= Tak Nga Secondary School =

Secondary school in Hong Kong

Tak Nga Secondary School (德雅中學) is a Hong Kong aided secondary school founded in 1962, a subsidised Girls' Catholic School sponsored by Sisters Announcers of the Lord.

The school is located in 18 Tat Chee Avenue, Yau Yat Chuen, Sham Shui Po of the Kowloon District of Hong Kong.

The school was founded by Rev. Joseph Cucchiara.

==Motto==
- Wisdom (智): to pursue knowledge
- Courage (勇): to accept challenges and responsibilities
- Diligence (勤): to be a lifelong learner
- Perseverance (奮): to achieve targets
==Founder==
Joseph Cucchiara (郭怡雅)
Sisters Announcers of the Lord (顯主女修會).

Joseph Cucchiara (郭怡雅) was born on the island of Sicily in Italy in 1889. He joined the Salesians of Don Bosco in 1907. After the outbreak of World War I, he followed the armies and served in hospitals.

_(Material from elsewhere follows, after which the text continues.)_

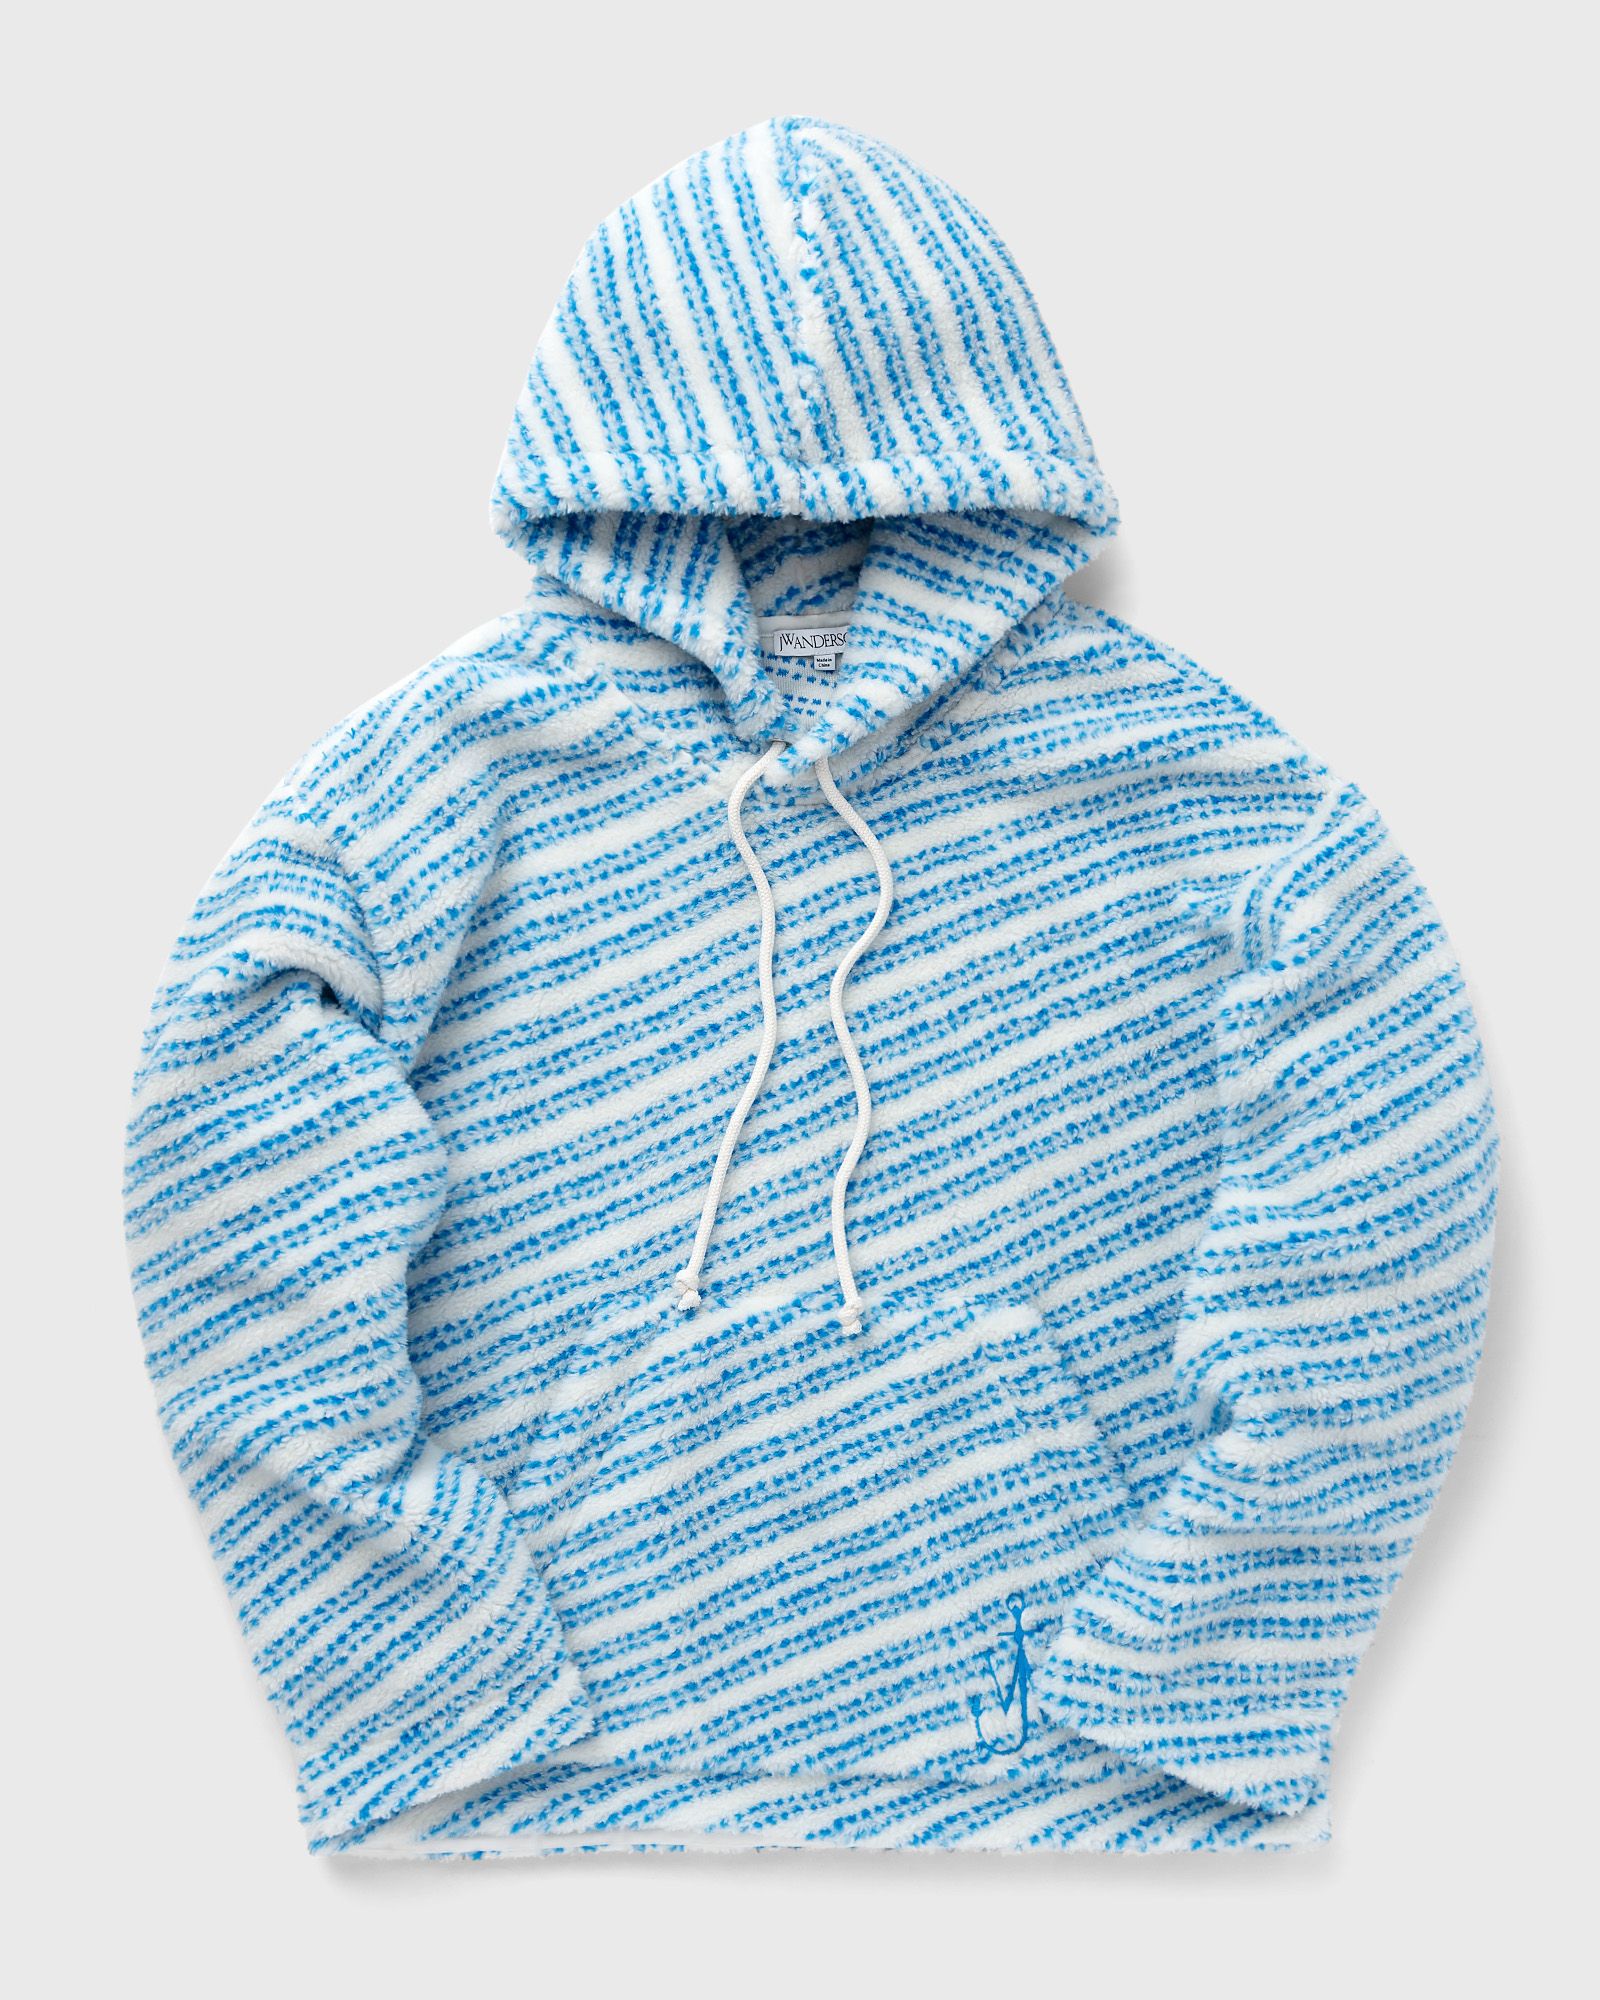 JW Anderson - relaxed fit hoodie men hoodies blue|white in größe:xl

He was delegated to the diocese of Shiu Chow of Kwangtung (Guangdong) in 1911. He founded many churches and schools in the area. After communists came to the area, most of these structures fell under the control of the communists. He was then sent to work at the Aberdeen Technical School in Hong Kong. In the meantime, he helped the sisters of Sisters Announcers of the Lord from Shiu Chow to Hong Kong. He dedicated much effort to help the sisters open Tak Nga Primary School and Tak Nga Secondary School. He died in Canossa Hospital on 18 December 1966 and was buried in Happy Valley, Hong Kong.

The sisters from Sisters Announcers of the Lord founded a school on Tsing Yi Island and named it Father Cucchiara Memorial School to remember his contribution.

==School History==
In 1954, the Sisters of the Announcers of the Lord, following the fervent and enthusiastic preaching of St Theresa, formally began their missionary activities in Cheung Sha Wan. Under the leadership of the late Salesian Priest Reverend Father Joseph Cucchiara, the services provided by the Sisters were broadened. On 25 July 1956, which was the feast day of St. Jacob, the Sisters were granted permission by the late Bishop of Hong Kong, His Excellency Bishop Bianchi, to establish a school in Hong Kong.

The word ‘Tak’ was derived from the Chinese name of St. Theresa to denote the Sisters’ desire to teach youngsters to follow the good example of St. Theresa, so that they would become good children of the Lord and fine citizens of society. The word ‘Nga’ was taken from the Chinese name of St. Jacob because the Sisters wanted to commemorate the spirit of St. Jacob. These were the origins of the name of our school ‘Tak Nga’.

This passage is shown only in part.